Quando voleva dare qualcosa di più ti lasciava sedere nella stanza dei massaggi, e allora rac­contava la sua vita, badando sempre al tempo. Non poteva ar­rivare in ritardo all’allenamento nel sacro convento di Formia, all’università di Carlo Vittori, l’uomo di tutte le rivoluzioni nel­la metodologia del lavoro su un campo sportivo, calcio o atletico non contava, ateneo che ha fatto storia dello sport nel mon­do perché quando il professore, nei convegni, raccontava ai col­leghi, anche agli increduli ame­ricani, delle sedute di lavoro con il ragazzo di Barletta, si sentiva sempre domandare, alla fine, se il “purosangue" era morto.
Vita grande, vita strana, entu­siasmante con questa strana coppia che andava all’assalto dei luoghi comuni, dimostran­do che potevano cambiare la via metodologica del training, affe­r­mando con i fatti che un veloci­sta poteva anche allenarsi mol­to, poteva andare ben oltre il ta­lento naturale. Spettacolo in pi­sta, affascinante vita in comune seguirli fuori dal campo, anche quando litigavano, anche quan­do il Prof arrivava con qualche minuto di ritardo sul campo e ve­deva Pietro indicare l’orologio.

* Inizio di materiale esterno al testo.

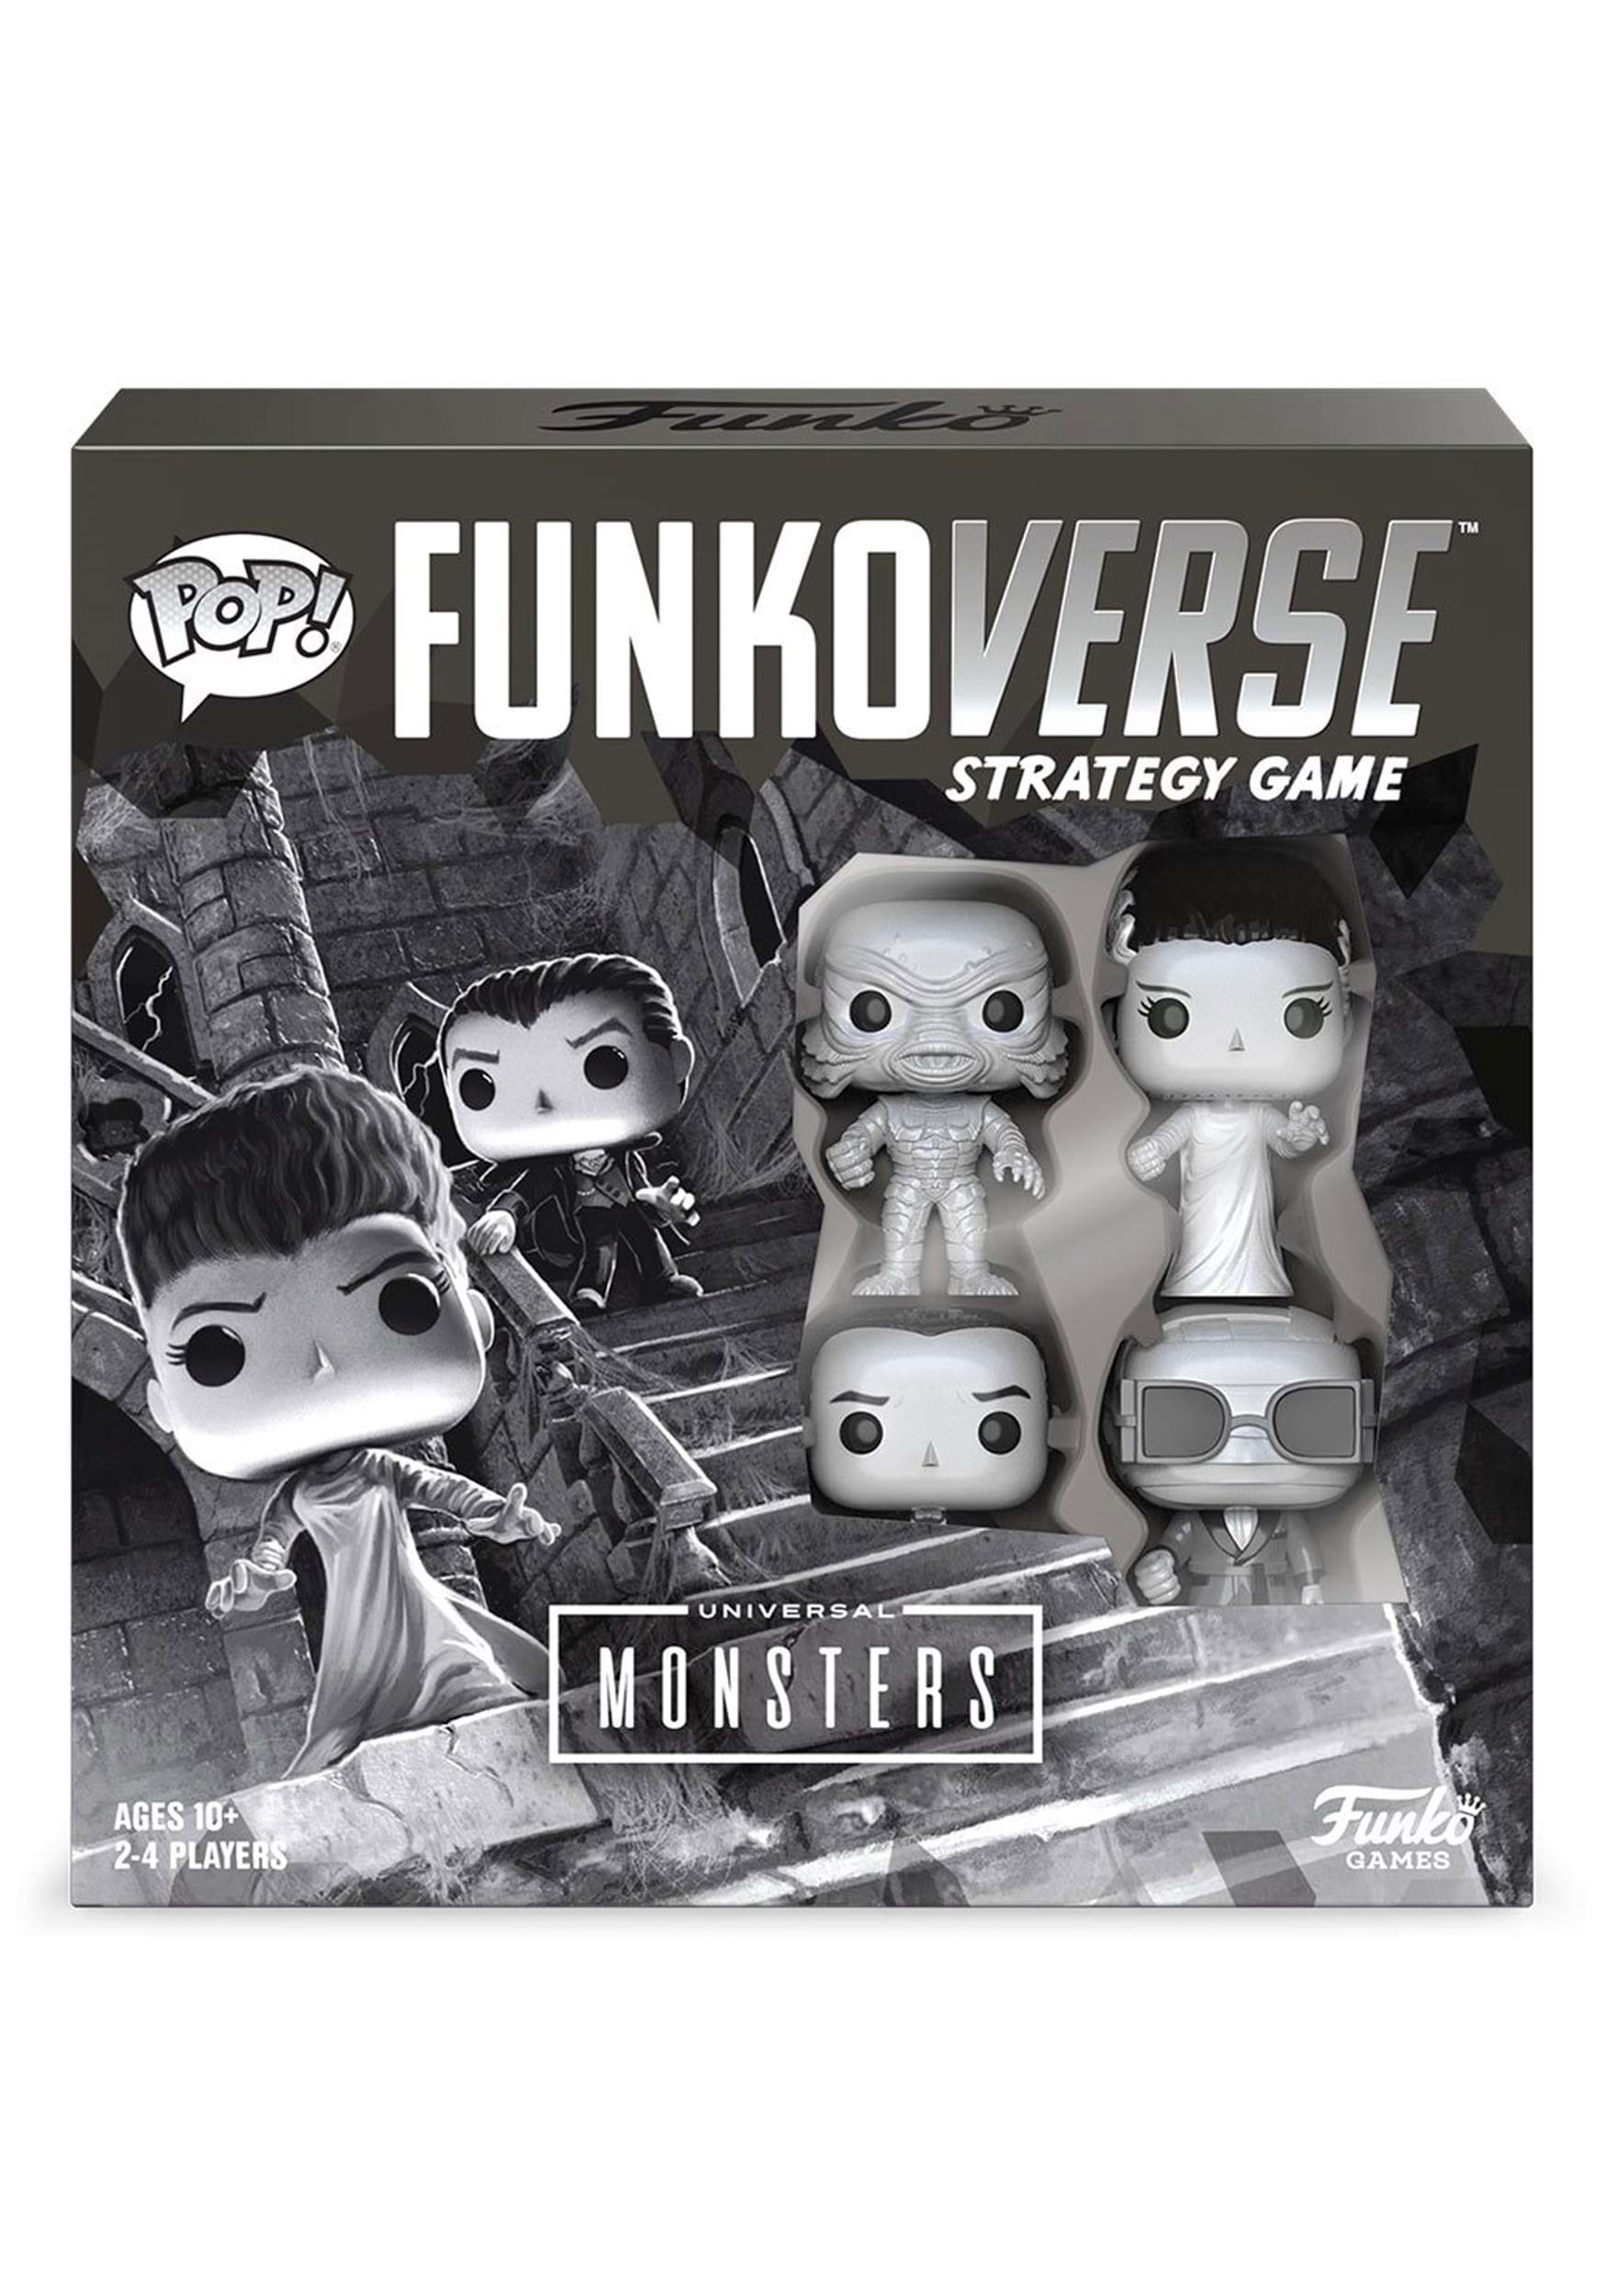 Universal Monsters 100 4-Pack Funkoverse Strategy Game

Erano nati per l’impresa. Acci­denti se ci riuscirono alla faccia di considerava Mennea uno stortignaccolo, pur inchinando­si, come il grande Brera, a quell’ Aristotele così diverso da Plato­ne Berruti re di Roma 1960. Da Lugano 1968 a Helsinki 1971, i primi europei per lui e per noi, a Seul 1988, attraversando il cer­chio di fuoco, sfidando e batten­do gli americani, sfiorando Bor­zov, mettendo a sedere tanti pre­tendenti al trono. La magnifica e strana coppia della nostra atleti­ca viveva nel tumulto. Erano in­sieme all’esordio olimpico di Monaco nel 1972 quando vinse il bronzo e svegliandosi la matti­na dopo i festegg­iamenti in un ristorante bavarese scoprì che sui tetti del villaggio olimpico c’era­no i franchi tiratori incapaci, pe­rò, di impedire la strage degli at­leti israeliani. Erano insieme a Montreal, Giochi del 1976, i pri­mi per gli inviati di questo Gior­nale quando c’era da raccoglie­re e non ci furono medaglie, una rabbia mai nascosta che diven­ne pubblica quando Pietro, una settimana dopo, vinse al mee­ting di Viareggio con un tempo migliore di quello di Quarrie, vincitore in Canada.

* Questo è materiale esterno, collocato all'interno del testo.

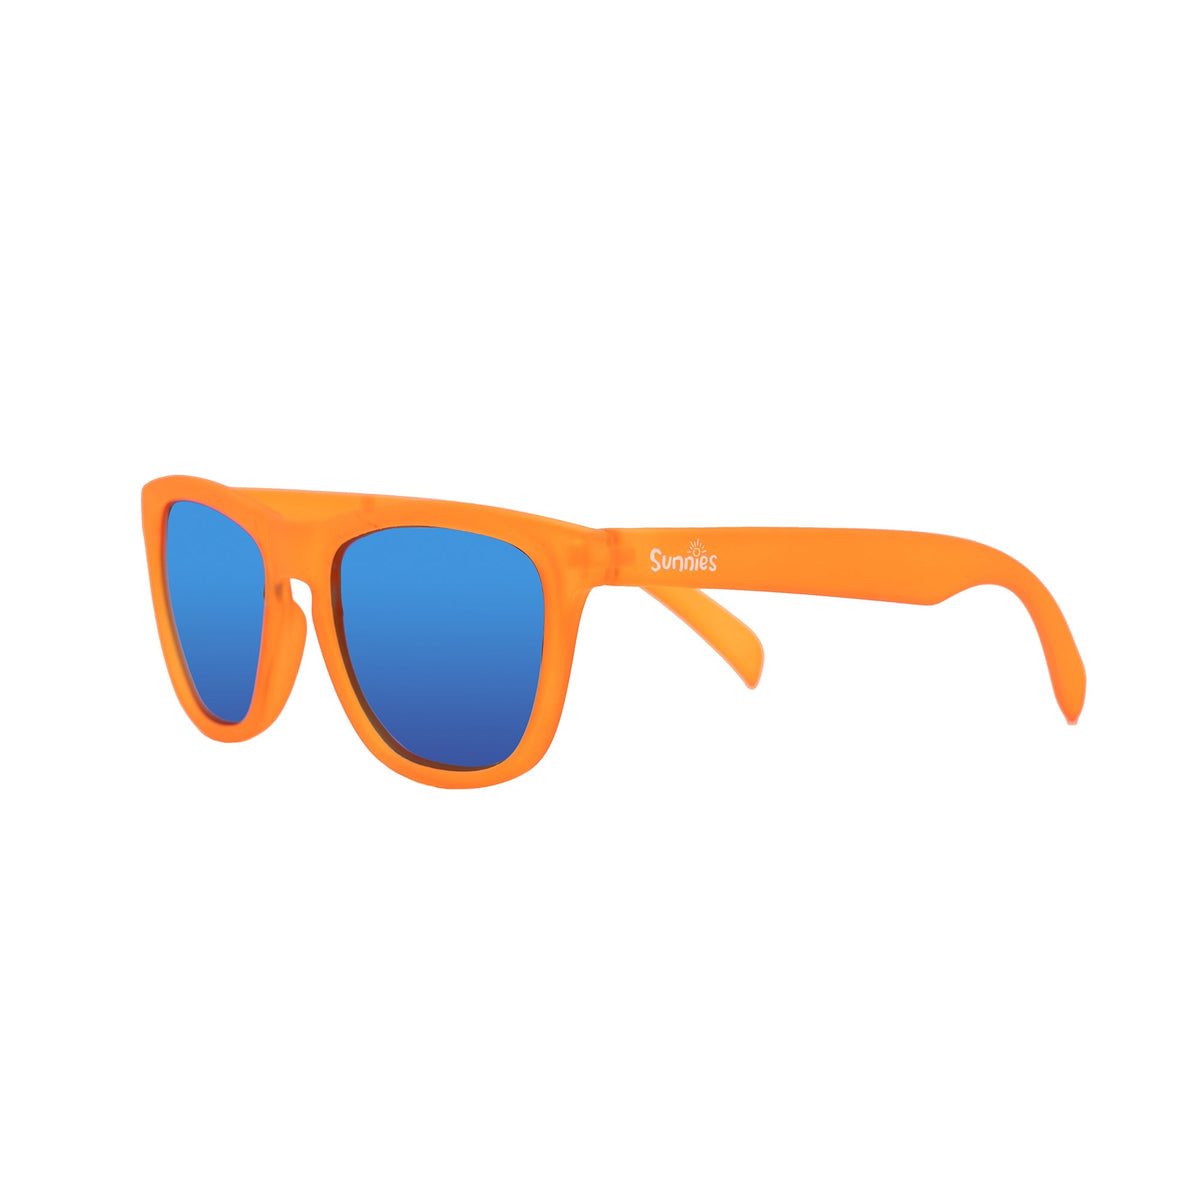 Orange polarized kids sunglasses by Sunnies with reflective blue lenses and an anti-slip material.

Si inseguivano per soffrire in­sieme, per tarare il motore della vespa che Vittori cavalcava cer­cando di portarlo al massimo dei giri, finendo nei sacri fiumi di porpora quando il corridore superava il centauro che poi si giustificava dicendo di aver sba­gliato ad inserire le marce. Men­nea visse queste splendide ba­ruffe culturali per tutta la sua vi­ta sportiva, a Fiasconaro bastò un anno soltanto col Prof, re­cord del mondo sugli 800 all’Are­na di Milano, per scegliere altre colline del sudore.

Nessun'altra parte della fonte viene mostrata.